Erdogan blocks Nordic Nato hopes
First it was dissident Turkish journalists gaining asylum in Sweden; next it was demonstrations at which flags of the Kurdistan Workers’ Party had flown; and then there was a Quran-burning protest in Stockholm.
Eight months since Sweden and Finland announced plans to join Nato, Turkey’s president, Recep Tayyip Erdogan, keeps coming up with new reasons to delay their accession.
Russia’s invasion of Ukraine prompted the Nordic countries to cast aside long-standing nonalignment policies to announce last May their desire to join the defence alliance.

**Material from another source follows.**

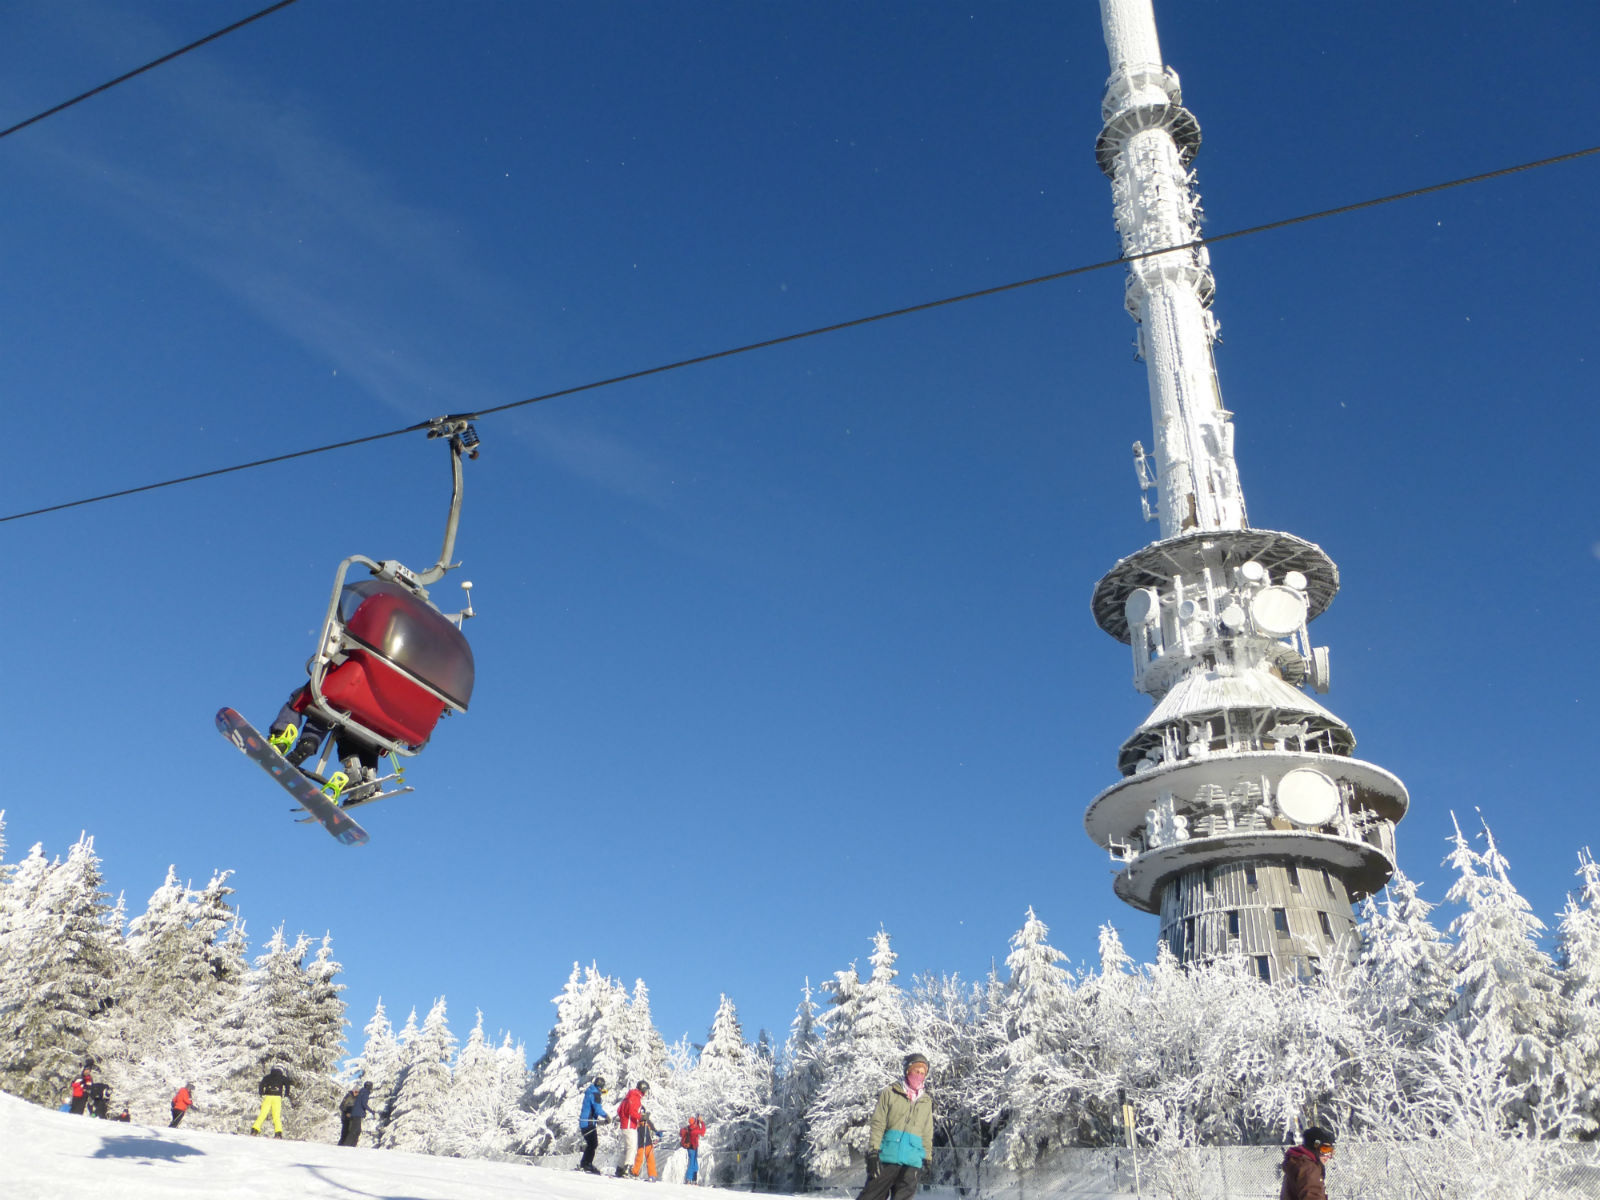 Fichtelgebirge-Seilbahn-Wintersport-Skifahren-Ochsenkopf

But they did not count on the divergent agenda of Turkey’s president: projecting a strong image in a critical election year — and Erdogan wields an effective veto.

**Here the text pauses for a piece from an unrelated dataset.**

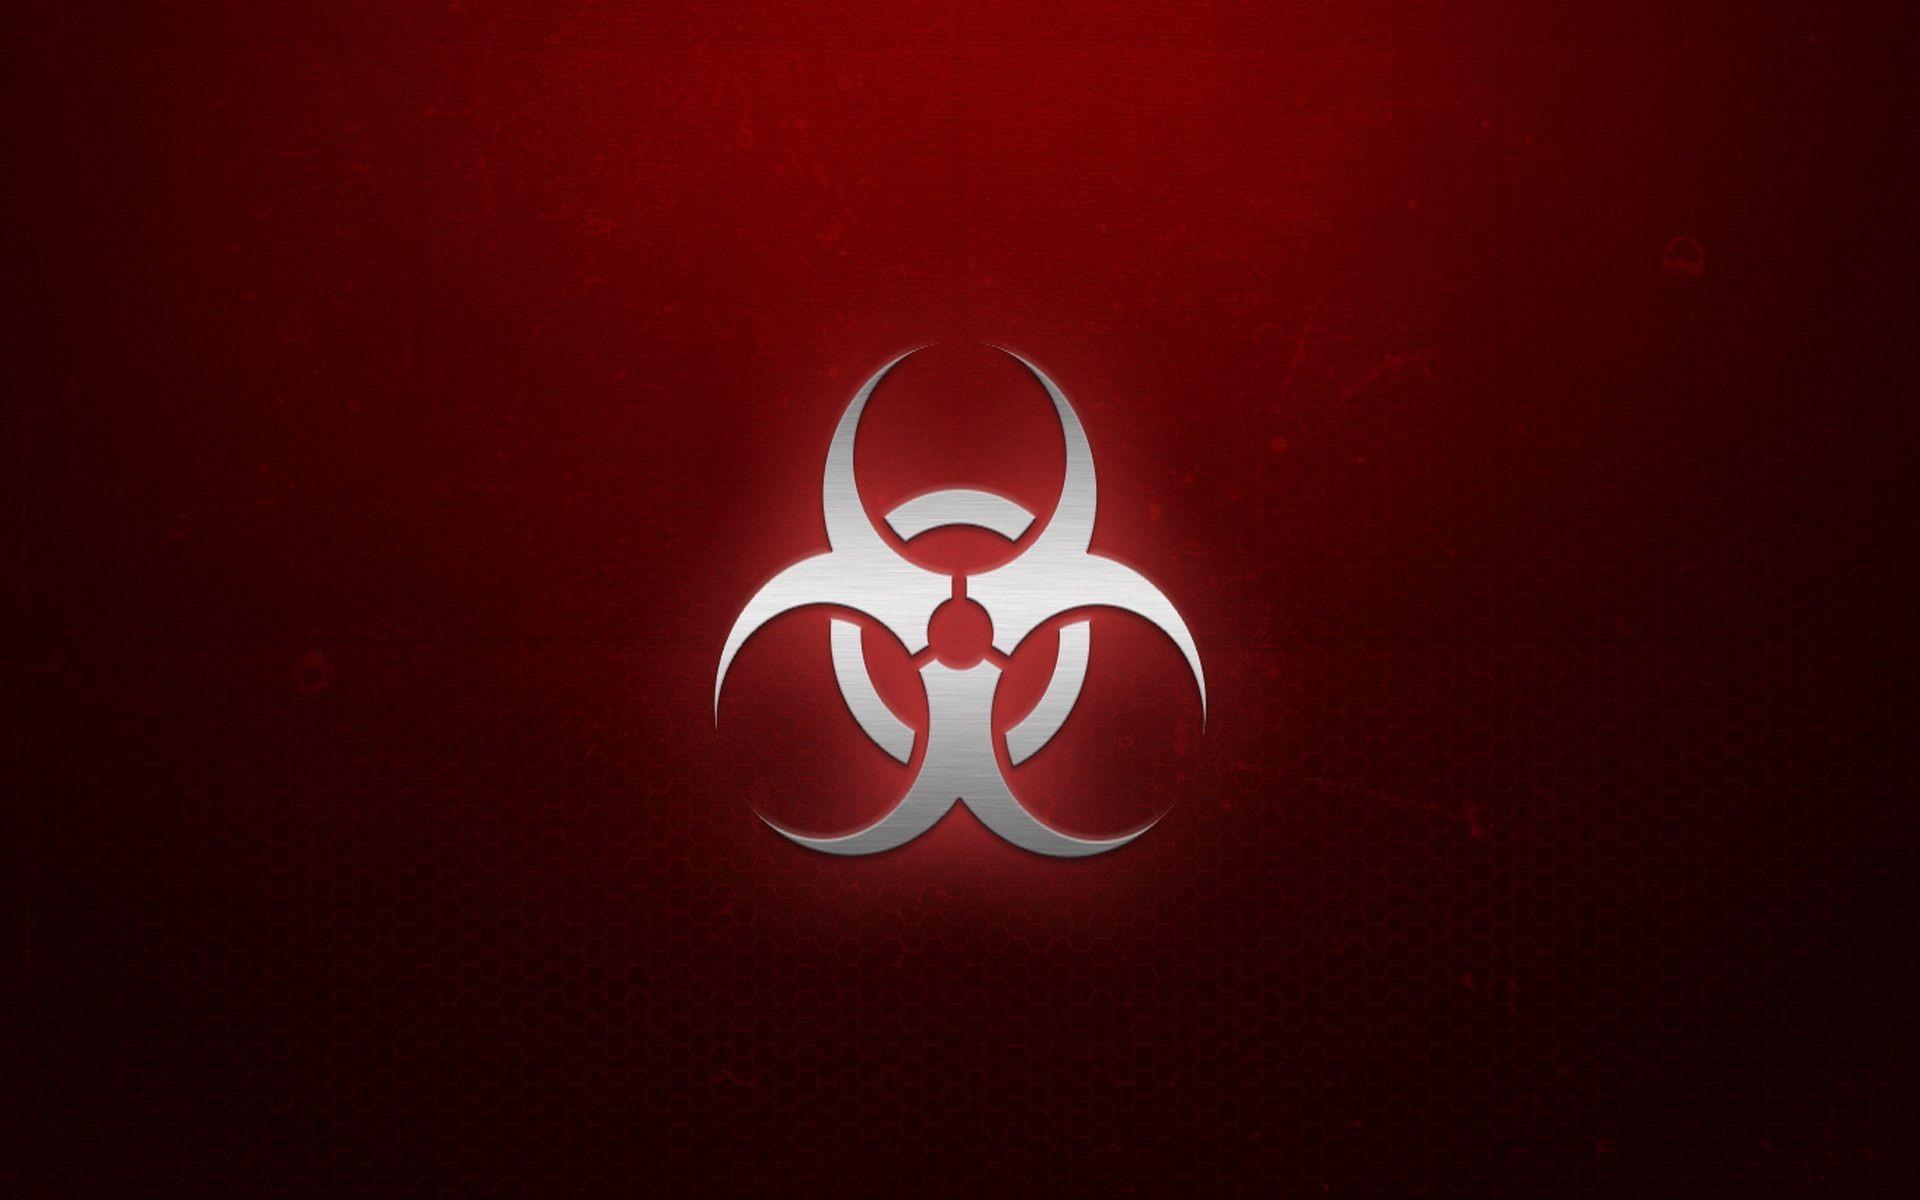 Image Biohazard Symbol

He has zeroed in on Sweden in particular, accusing authorities there of allowing “terror organisations [to] run wild on your avenues and streets” and saying Stockholm must show greater respect for Turkey or “they won’t see any support from us on the Nato issue”.
Last month, Turkey even said it could approve Finland’s Nato membership application ahead of Sweden’s, an idea rejected by Helsinki. For the exiled Turkish journalist, Bulent Kenes, this sort of fiery rhetoric is all too predictable — and designed with one thing in mind. “Turkey is approaching a critical election, Erdogan needs to show himself a strongman,” Kenes said from his home in Stockholm.
“He is taking any opportunity to increase his power in the eyes of his domestic audience. He has found a very manageable enemy to show Sweden as an adversary of Turkey.”
Whatever Erodgan’s motivations, his words have left the governments of Sweden and Finland scrambling to salvage the situation.
“Erdogan is demonstrating that he’s a force to be reckoned with in a multipolar world in which the US and EU is no longer dominant,” said Paul Levin of the Institute for Turkish Studies at Stockholm University.
Turkey felt humiliated by its experience of applying for EU membership a decade ago, Levin said. “Now the roles are reversed and Sweden and Finland are asking Turkey if they would be so kind as to let them in, so there’s a reverse power dynamic.”